आईएसएसएन: 2161-1149 (Printed)
Gelse K, Beyer , Welsch G and Blanke M
Bone marrow-stimulating techniques are frequently applied to induce cartilage repair. Apart from insufficient chondrogenesis of the ingrowing bone marrow stem cells (BMSCs), these techniques are hampered by excessive ossification with formation of intralesional osteophytes, in which the ingrowing BMSCs tend to undergo the inherent programme of endochondral ossification. Within this programme, the chondrocyte phenotype only represents a transient state that is followed by terminal chondrocyte differentiation and replacement of the cartilaginous tissue by osseous tissue. The transcription factor Runx2 is considered the driving force for endochondral ossification, which integrates signals from growth factors that are released from the bone marrow, including bone morphogenetic proteins(BMPs), fibroblast growth factor-2 and members of the Wnt-family among others.

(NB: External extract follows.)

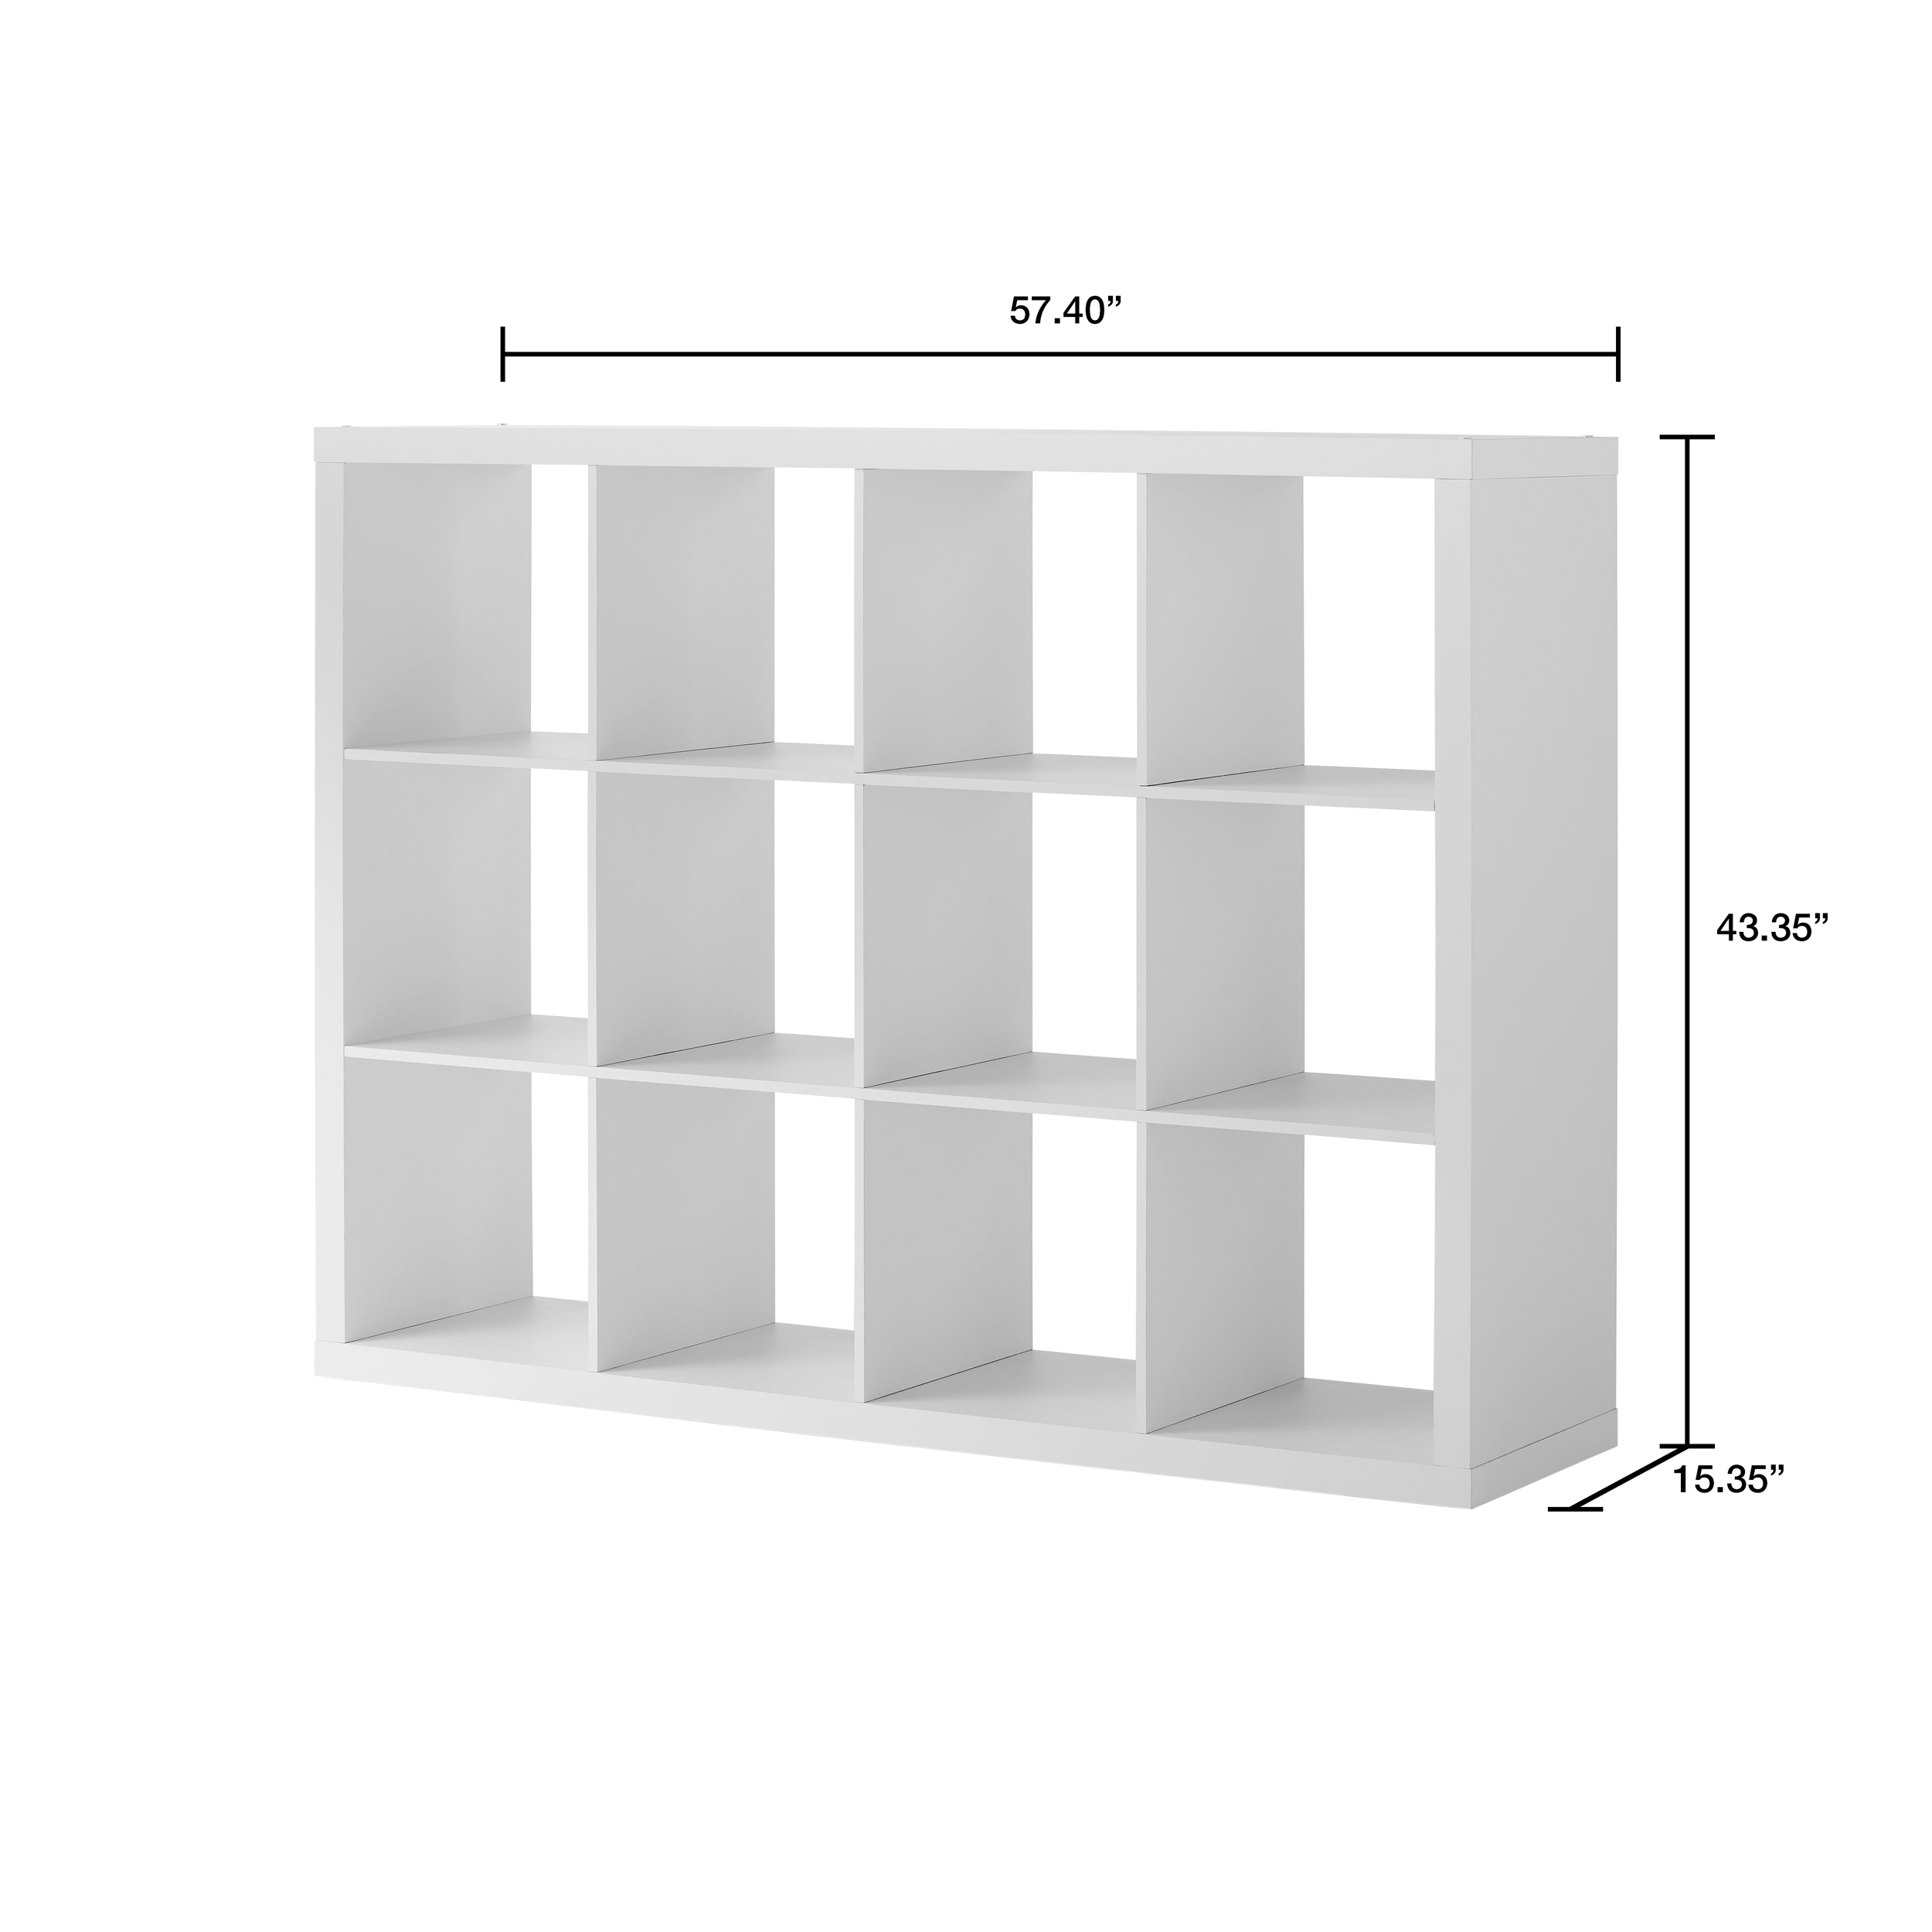 Better Homes & Gardens 12-Cube Storage Organizer, White Texture - image 3 of 6

Anti-hypertrophic factors such as PTHrP or anti-angiogenic proteins including Chondromodulin-I or Thrombospondin-1 can inhibit the endochondral ossification. In addition, antagonists of BMP- and Wnt-signalling can stabilize the non-hypertrophic chondrocyte phenotype. The generation of stable cartilage tissue, however, does not only depend on extracellular factors but also on the fate of the originating cell population. Regardless of the spectrum of specific stimuli, BMSCs are prone to finally become osteocytes rather than chondrocytes. Since there is increasing evidence for epigenetic regulation including DNA methylation and histone modification for cartilage-relevant genes,future studies will have to explore the role of genomic imprinting of adult BMSCs. However, as long as tools that stabilize a chondrocyte-specific phenotype of adult BMSCs are not available in clinical routine, the transplantation of differentiated chondrocytes may remain the method of choice for cartilage repair.